*** Input for this task ***

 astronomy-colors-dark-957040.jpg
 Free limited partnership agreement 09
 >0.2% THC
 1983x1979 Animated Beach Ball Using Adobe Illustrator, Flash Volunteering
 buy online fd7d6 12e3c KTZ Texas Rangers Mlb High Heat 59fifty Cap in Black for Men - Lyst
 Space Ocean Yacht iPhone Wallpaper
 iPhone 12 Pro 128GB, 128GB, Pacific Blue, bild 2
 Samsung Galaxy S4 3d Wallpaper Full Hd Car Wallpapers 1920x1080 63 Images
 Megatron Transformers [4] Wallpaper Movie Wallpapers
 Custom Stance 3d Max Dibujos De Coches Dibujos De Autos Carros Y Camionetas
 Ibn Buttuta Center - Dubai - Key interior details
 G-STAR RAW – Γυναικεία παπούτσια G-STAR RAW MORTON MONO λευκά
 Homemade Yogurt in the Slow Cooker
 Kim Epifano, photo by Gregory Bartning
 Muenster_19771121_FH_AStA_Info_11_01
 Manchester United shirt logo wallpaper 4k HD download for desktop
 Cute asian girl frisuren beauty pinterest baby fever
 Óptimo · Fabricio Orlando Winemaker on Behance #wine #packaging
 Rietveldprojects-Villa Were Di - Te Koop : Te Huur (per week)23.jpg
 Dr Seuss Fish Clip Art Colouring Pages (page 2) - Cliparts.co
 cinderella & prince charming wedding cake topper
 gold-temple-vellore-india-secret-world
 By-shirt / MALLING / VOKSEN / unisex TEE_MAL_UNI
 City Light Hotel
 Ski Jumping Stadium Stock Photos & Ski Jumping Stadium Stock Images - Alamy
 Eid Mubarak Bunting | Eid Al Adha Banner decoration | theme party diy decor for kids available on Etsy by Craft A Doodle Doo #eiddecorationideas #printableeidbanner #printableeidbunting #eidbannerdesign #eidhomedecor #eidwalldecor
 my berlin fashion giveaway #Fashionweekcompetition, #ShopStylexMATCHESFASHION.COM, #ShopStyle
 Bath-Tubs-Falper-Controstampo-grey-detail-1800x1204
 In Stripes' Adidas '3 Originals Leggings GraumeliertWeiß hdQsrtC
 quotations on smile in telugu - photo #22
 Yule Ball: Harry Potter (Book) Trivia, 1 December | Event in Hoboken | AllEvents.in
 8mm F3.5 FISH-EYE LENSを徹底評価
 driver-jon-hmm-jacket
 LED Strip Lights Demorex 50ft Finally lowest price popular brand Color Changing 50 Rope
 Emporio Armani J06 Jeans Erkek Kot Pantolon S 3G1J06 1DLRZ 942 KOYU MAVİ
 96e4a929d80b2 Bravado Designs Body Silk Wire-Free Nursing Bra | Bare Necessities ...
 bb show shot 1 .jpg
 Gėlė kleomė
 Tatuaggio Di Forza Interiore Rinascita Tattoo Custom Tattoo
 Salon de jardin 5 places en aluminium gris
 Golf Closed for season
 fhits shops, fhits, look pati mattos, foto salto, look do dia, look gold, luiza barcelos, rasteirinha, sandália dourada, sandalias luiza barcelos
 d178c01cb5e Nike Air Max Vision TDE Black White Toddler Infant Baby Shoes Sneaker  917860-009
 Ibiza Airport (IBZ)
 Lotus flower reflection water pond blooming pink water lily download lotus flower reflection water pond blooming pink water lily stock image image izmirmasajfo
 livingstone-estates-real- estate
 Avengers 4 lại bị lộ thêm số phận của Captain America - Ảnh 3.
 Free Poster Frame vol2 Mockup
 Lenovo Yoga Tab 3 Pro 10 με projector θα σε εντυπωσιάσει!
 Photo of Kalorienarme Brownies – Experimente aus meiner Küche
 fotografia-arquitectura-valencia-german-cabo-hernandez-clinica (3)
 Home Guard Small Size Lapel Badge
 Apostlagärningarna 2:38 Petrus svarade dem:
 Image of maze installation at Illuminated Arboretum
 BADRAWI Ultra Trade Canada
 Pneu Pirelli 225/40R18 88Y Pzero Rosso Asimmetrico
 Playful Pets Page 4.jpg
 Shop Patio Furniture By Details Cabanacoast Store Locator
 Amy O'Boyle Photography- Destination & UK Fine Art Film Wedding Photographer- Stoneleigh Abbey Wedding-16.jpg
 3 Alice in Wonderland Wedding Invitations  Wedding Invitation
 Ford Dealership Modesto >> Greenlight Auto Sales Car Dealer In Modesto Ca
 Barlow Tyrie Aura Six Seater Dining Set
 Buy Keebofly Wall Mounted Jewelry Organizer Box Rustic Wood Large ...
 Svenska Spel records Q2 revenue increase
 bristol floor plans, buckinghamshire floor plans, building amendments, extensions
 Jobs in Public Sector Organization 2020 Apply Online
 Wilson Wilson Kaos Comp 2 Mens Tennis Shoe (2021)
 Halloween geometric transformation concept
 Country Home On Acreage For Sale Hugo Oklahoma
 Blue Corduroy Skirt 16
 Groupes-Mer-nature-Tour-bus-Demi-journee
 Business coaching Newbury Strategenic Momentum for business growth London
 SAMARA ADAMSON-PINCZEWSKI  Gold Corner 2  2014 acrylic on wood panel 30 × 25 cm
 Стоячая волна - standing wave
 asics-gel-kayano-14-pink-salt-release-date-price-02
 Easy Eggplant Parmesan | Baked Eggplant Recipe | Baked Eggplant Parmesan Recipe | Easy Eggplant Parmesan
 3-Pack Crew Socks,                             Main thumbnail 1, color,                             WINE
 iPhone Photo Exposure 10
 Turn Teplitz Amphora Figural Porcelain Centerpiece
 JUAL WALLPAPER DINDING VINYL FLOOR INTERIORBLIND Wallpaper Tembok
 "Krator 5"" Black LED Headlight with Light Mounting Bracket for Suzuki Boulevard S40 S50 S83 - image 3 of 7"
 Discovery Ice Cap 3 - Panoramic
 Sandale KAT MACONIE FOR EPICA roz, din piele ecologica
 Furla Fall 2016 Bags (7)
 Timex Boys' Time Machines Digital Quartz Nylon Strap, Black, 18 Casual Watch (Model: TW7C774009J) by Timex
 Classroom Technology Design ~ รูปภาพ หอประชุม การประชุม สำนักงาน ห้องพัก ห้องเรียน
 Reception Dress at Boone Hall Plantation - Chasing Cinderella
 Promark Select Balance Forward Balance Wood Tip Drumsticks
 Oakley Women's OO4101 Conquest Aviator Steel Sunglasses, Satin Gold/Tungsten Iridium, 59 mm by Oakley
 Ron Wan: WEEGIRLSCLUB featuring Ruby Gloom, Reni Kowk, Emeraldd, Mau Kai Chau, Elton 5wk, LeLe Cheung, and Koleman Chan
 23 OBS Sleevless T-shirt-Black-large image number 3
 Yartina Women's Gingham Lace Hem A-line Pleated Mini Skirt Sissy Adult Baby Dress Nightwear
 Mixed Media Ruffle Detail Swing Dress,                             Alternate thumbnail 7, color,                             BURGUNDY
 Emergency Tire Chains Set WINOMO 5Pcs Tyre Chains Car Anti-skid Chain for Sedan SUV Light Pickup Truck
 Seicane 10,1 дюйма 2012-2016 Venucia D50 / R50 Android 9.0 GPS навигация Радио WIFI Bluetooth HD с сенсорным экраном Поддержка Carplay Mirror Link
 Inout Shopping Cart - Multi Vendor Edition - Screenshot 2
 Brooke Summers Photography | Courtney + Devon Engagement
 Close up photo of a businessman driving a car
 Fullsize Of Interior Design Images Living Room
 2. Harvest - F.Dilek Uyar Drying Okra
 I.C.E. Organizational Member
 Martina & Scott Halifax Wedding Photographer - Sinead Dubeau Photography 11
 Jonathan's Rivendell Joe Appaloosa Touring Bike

***

Aim of the exercise
Of the lines above, retype only those from the line containing "96e4a929d80b2 Bravado Designs" through the line containing "Ibiza Airport (IBZ)", including both, exactly.

Response for this exercise
 96e4a929d80b2 Bravado Designs Body Silk Wire-Free Nursing Bra | Bare Necessities ...
 bb show shot 1 .jpg
 Gėlė kleomė
 Tatuaggio Di Forza Interiore Rinascita Tattoo Custom Tattoo
 Salon de jardin 5 places en aluminium gris
 Golf Closed for season
 fhits shops, fhits, look pati mattos, foto salto, look do dia, look gold, luiza barcelos, rasteirinha, sandália dourada, sandalias luiza barcelos
 d178c01cb5e Nike Air Max Vision TDE Black White Toddler Infant Baby Shoes Sneaker  917860-009
 Ibiza Airport (IBZ)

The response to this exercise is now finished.